Ähnlich äußerten sich die evangelischen Bischöfe aus Baden und Württemberg, Jochen Cornelius-Bundschuh und Otfried July. Der ermutigende Geist Gottes wirke in den Alltag, in Familie, Arbeit und Politik hinein, sagte Cornelius-Bundschuh. "Seine Geistesgegenwart brauchen wir, um die Konflikte dieser Welt im Geiste Jesu Christi zu entschärfen und dem Frieden zu dienen", betonte July.

Bischöfe betonten zu Pfingsten die verbindende Kraft des Geistes Gottes

Der hannoversche Landesbischof Ralf Meister sieht im biblischen Pfingstwunder eine Art Reformation. Diese Glaubensgeschichte habe die Welt verändert, "weil sie nationale und ethnische, soziale und die Trennung zwischen Mann und Frau überwand", sagte er in seiner Pfingstpredigt in Bassum bei Bremen.

Als Appell an die Menschlichkeit deutete der Aachener katholische Bischof Heltmut Dieser Pfingsten. Der Heilige Geist bewirke, dass Menschen einander verstehen, respektieren und vertrauen, sagte Dieser am Sonntag im Aachener Dom. Er mache "uns fähig, in unseren Grenzen wahrhaftig und mitmenschlich zu leben".

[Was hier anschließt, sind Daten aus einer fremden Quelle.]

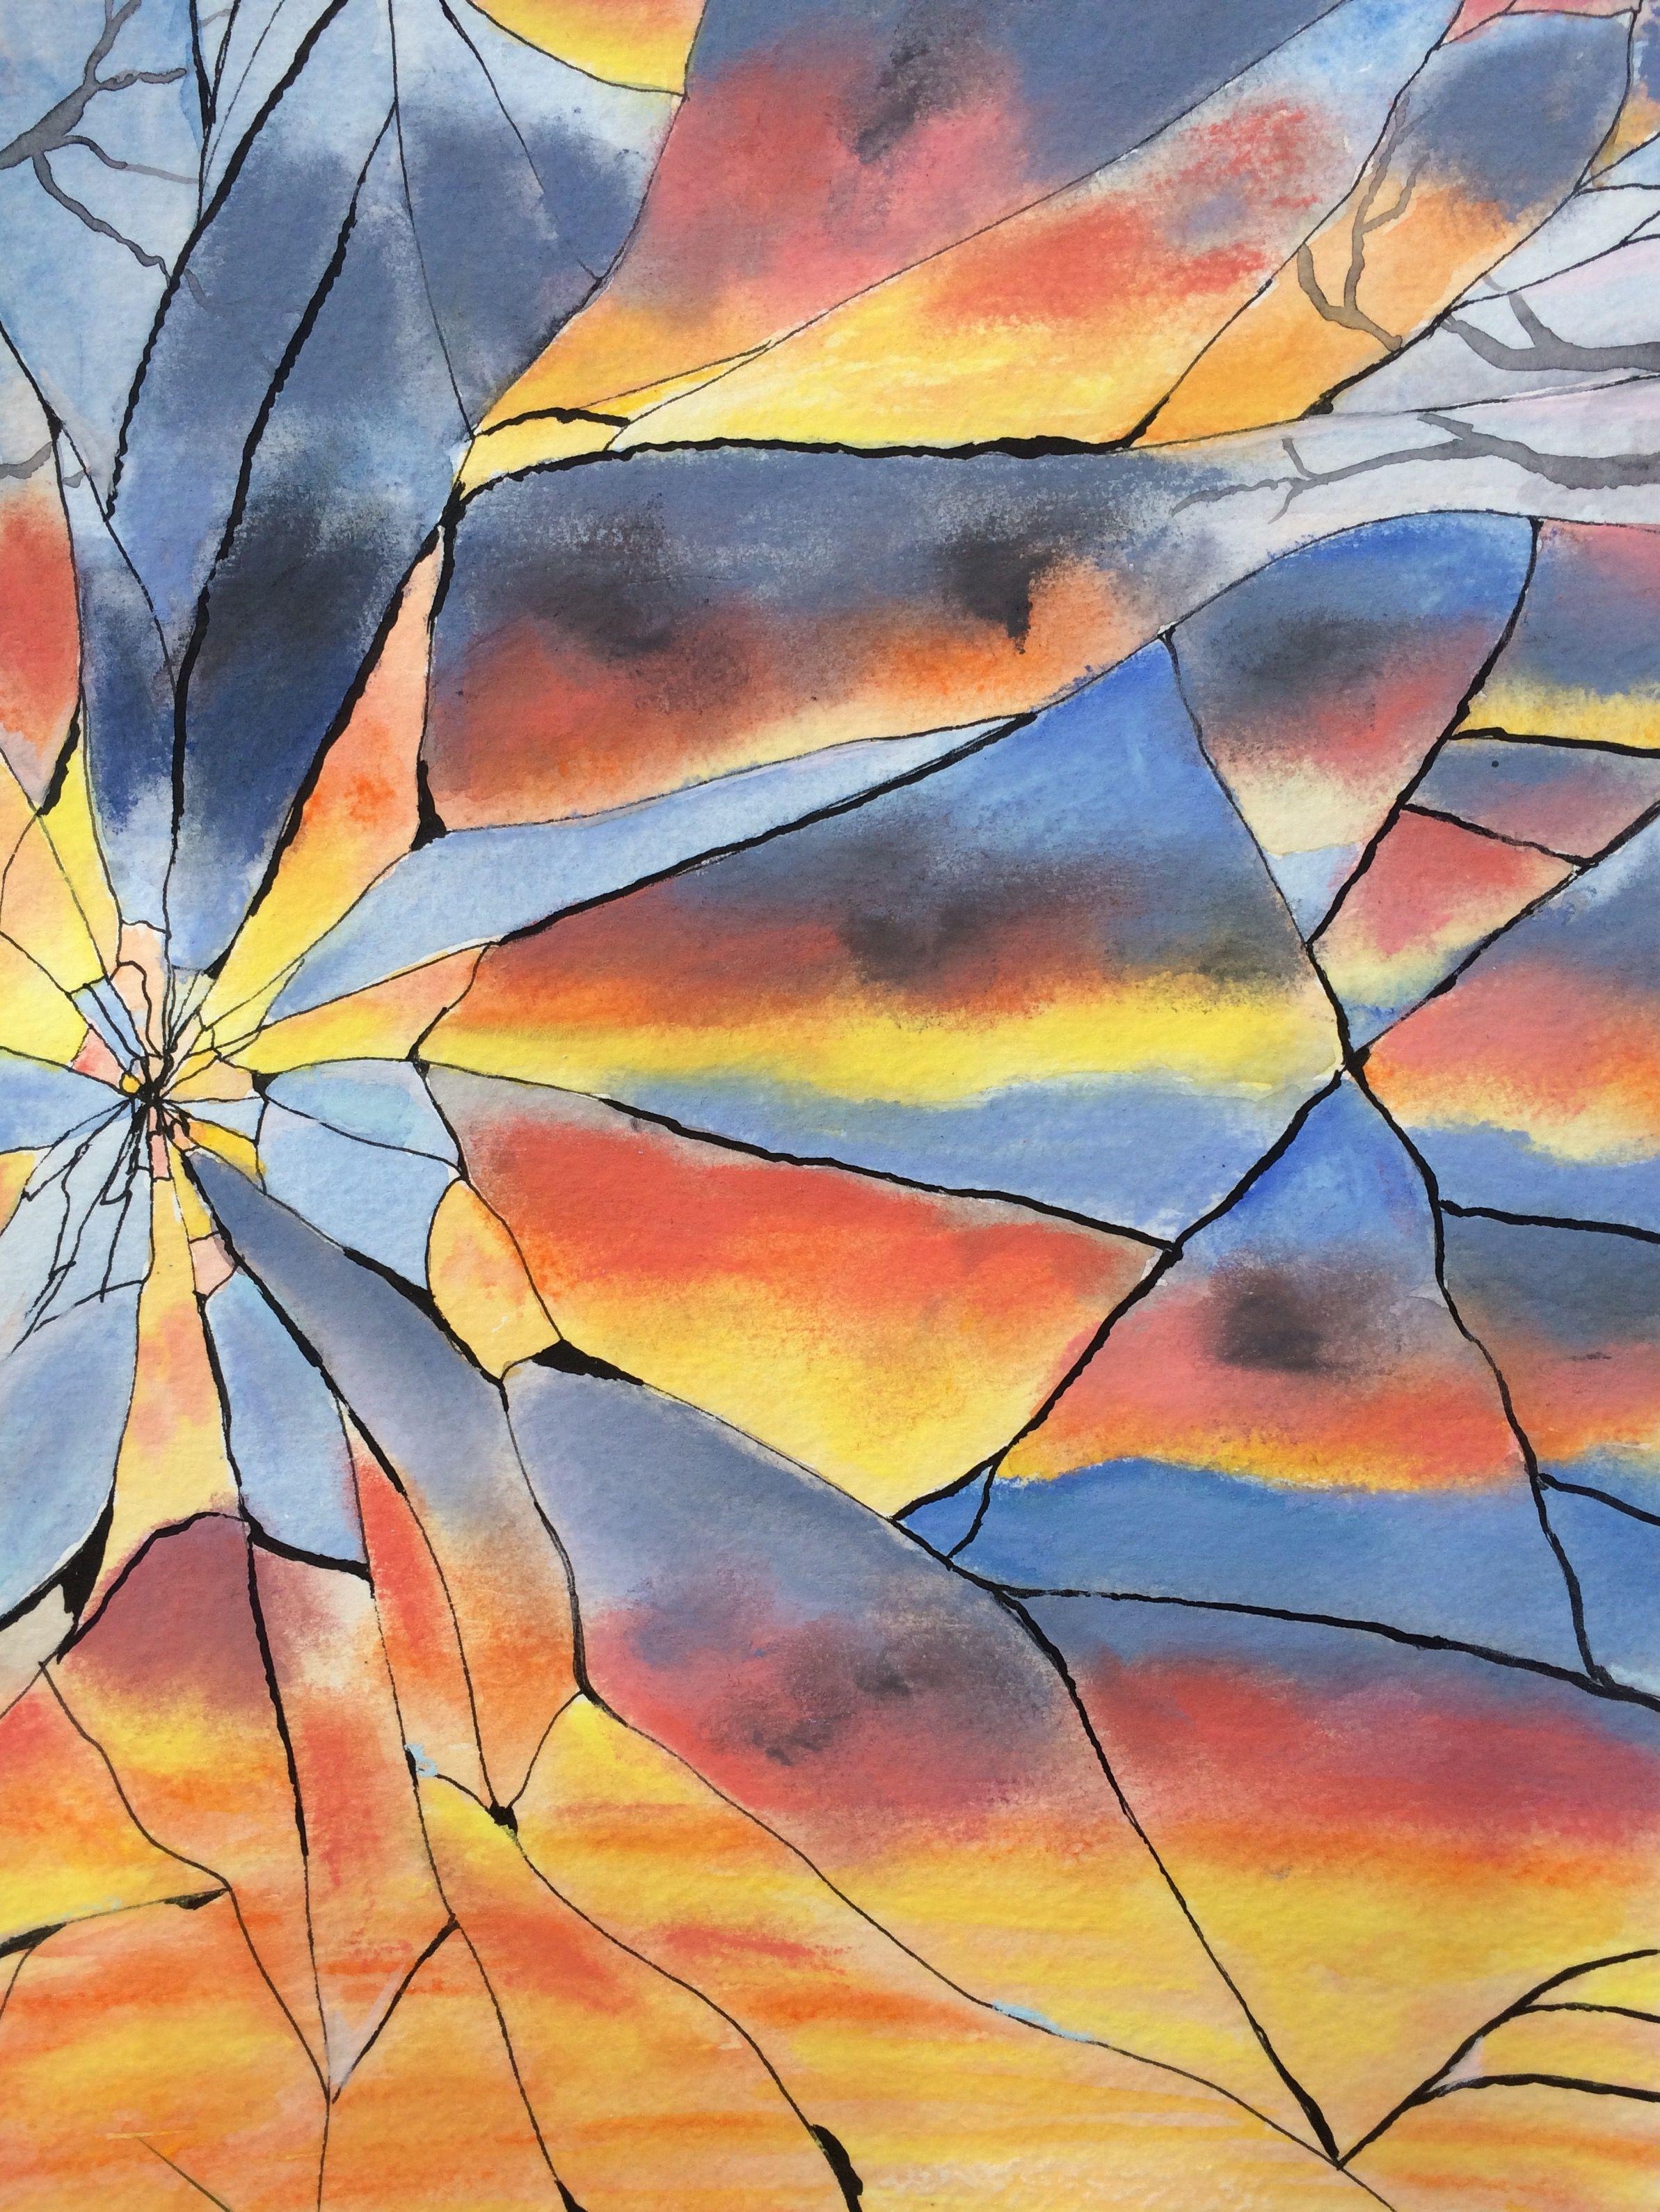 Broken mirror sunset 서양 미술 미적 사진 초현실주의

Der Bibel zufolge hat Gott an Pfingsten seinen Geist nicht mehr einzelnen Auserwählten, sondern allen Gläubigen geschenkt:  "Sie wurden alle erfüllt von dem Heiligen Geist und fingen an, zu predigen in anderen Sprachen", heißt es in der biblischen Apostelgeschichte. Die Ausgießung des Geistes wird als ein Feuer beschrieben, das sich teilt und als Flammenzungen auf jeden einzelnen Jünger niedergeht. Das dritte große Fest im Kirchenjahr wird als Geburtsstunde der Kirche verstanden und ist ein Symbol für Neuanfang und Schöpferkraft.